The yen’s slide to a 40-year low is turning from a currency-market story into a survival test for Japan’s small businesses, with weak-yen-related bankruptcies rising to the highest first-half level since Tokyo Shoko Research began tracking companies that cite currency weakness as a direct cause of failure in 2022.
Tokyo Shoko Research said 45 companies went bankrupt in January-June because of weak-yen pressures, up 32.3% from a year earlier and 1.3 times the level recorded in the same period last year. The research firm said the figure was the highest for any first half since the yen’s current depreciation phase began in 2022.
The increase highlights the uneven impact of Japan’s currency weakness. A cheaper yen has lifted earnings for exporters, including automakers and trading houses, but it has raised import costs for smaller firms that rely on foreign food, fuel, raw materials and merchandise. Many of these firms have limited pricing power and face intense competition, making it difficult to pass higher costs on to customers.
The pressure was most visible in the wholesale sector, which accounted for 23 of the 45 weak-yen-related bankruptcies, or 51.1% of the total. Retailers followed with nine cases, while manufacturers recorded five, services four and transport firms three, according to Tokyo Shoko Research.
Although the number of bankruptcies rose, total liabilities fell 74.7% from a year earlier to ¥22.67 billion, suggesting that the latest wave was concentrated among small and micro-sized firms rather than large corporate failures. Tokyo Shoko Research said last year’s figure had been inflated by one major paper company bankruptcy, while this year’s cases were centred more heavily on smaller businesses.
One example was Tokyo-based Merry Time Foods, an importer of crab, shrimp and tuna from other Asian countries, which went bankrupt in May after citing weaker profitability caused by the yen’s fall and political instability in supplier countries.
The yen sank to 162.84 per dollar overnight, its weakest level in 40 years, before trading around 162.50 in early Thursday trading, Reuters reported. The currency has come under renewed pressure from a strong US dollar and expectations that US interest rates may rise further, keeping the Japan-US rate gap wide enough to encourage demand for dollar assets.
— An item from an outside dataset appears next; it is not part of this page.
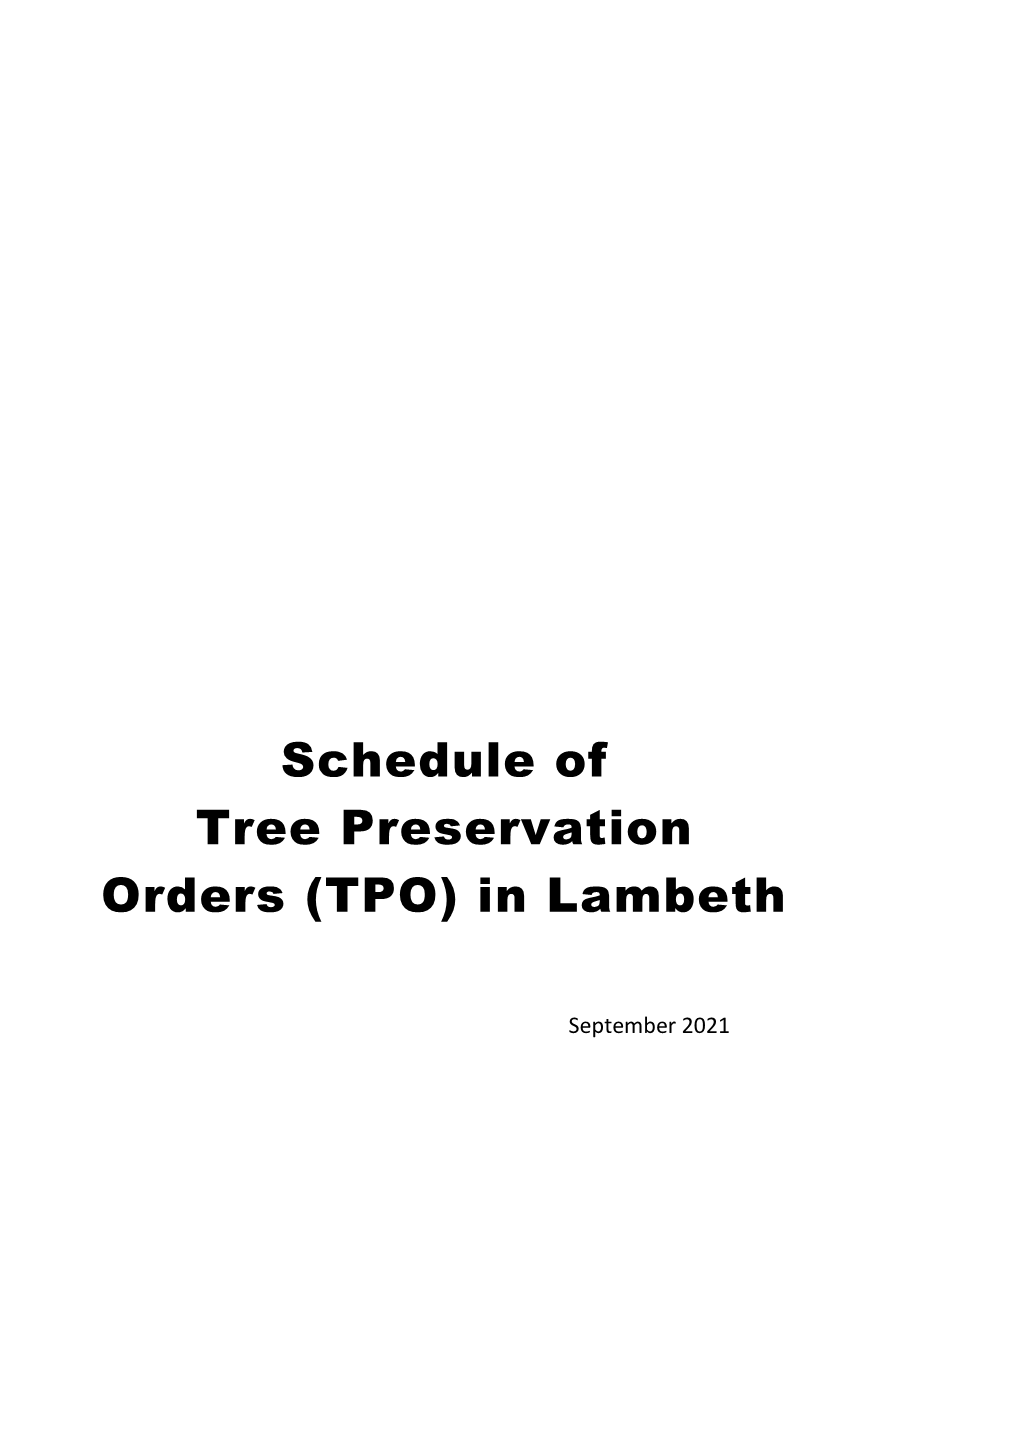 Schedule of Tree Preservation Orders (TPO) in Lambeth

A persistently weak yen is feeding into import costs and price pressures across Japan’s economy. Reuters reported that the currency slide, together with energy-price shocks linked to Middle East tensions, has added to inflation risks, prompting Bank of Japan officials to warn about the danger of falling behind the curve on price pressures.
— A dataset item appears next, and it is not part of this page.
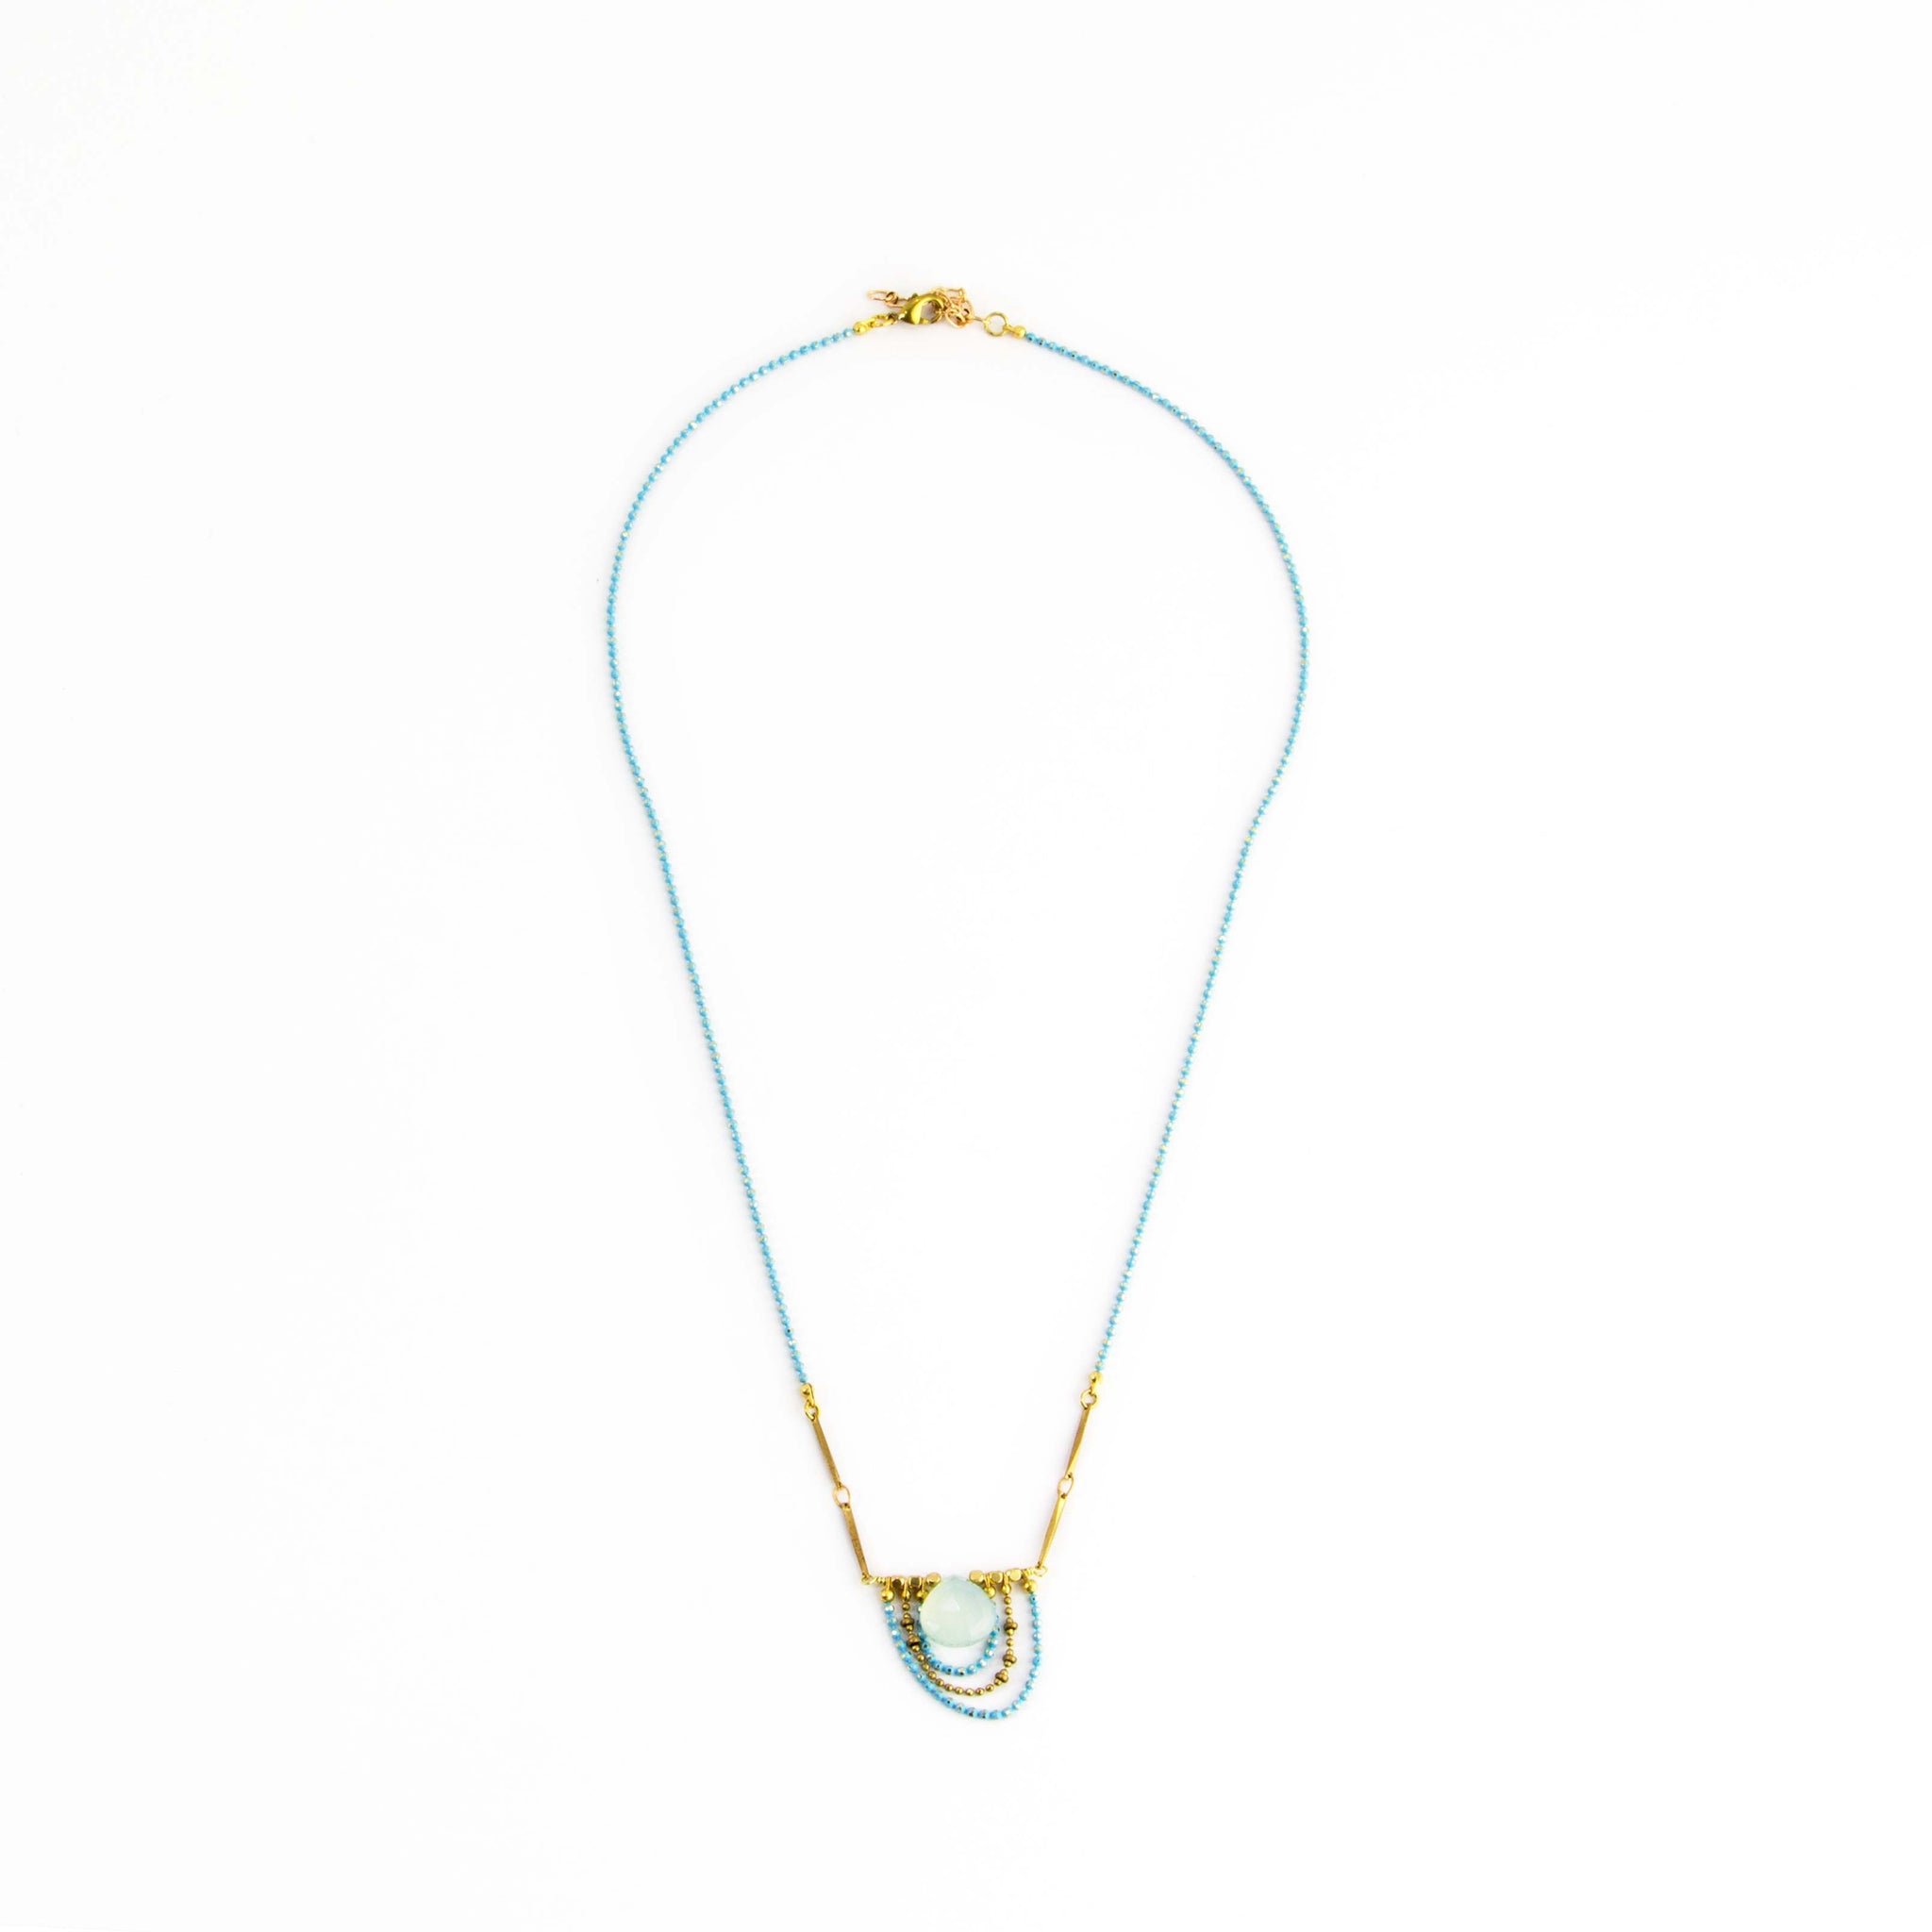 Aqua Chalcedony Drape Necklace

That leaves the BOJ with a difficult policy trade-off. Higher interest rates could help support the yen by narrowing the gap with US rates, but they would also raise borrowing costs for smaller firms already struggling with imported inflation, wage increases and labour shortages.
Another pressure point is emerging in foreign-exchange hedging. Some small importers have used structured products known as reverse knockout options to reduce upfront hedging costs, but these contracts can stop providing protection once the yen reaches a preset level.
Analysts estimate that many remaining knockout levels are clustered between 163 and 170 yen per dollar, just above current market levels. If the yen weakens further, more firms could lose their hedges and be forced to buy dollars in the spot market or enter new hedges at less favourable rates.
Tokyo Shoko Research expects weak-yen-related bankruptcies to remain elevated for some time, particularly among wholesalers, retailers and manufacturers with limited ability to raise prices.
The figures add to signs that Japan’s broader bankruptcy trend is worsening. Corporate bankruptcies in 2025 rose to 10,300, the highest level since 2013, as rising raw material costs and labour shortages weighed on businesses, according to an earlier Tokyo Shoko Research survey reported by Reuters.
For Japan’s small firms, the weak yen is no longer merely a market headline. It is becoming a balance-sheet problem, exposing a widening divide between large exporters that benefit from currency weakness and import-dependent businesses that are being pushed closer to insolvency.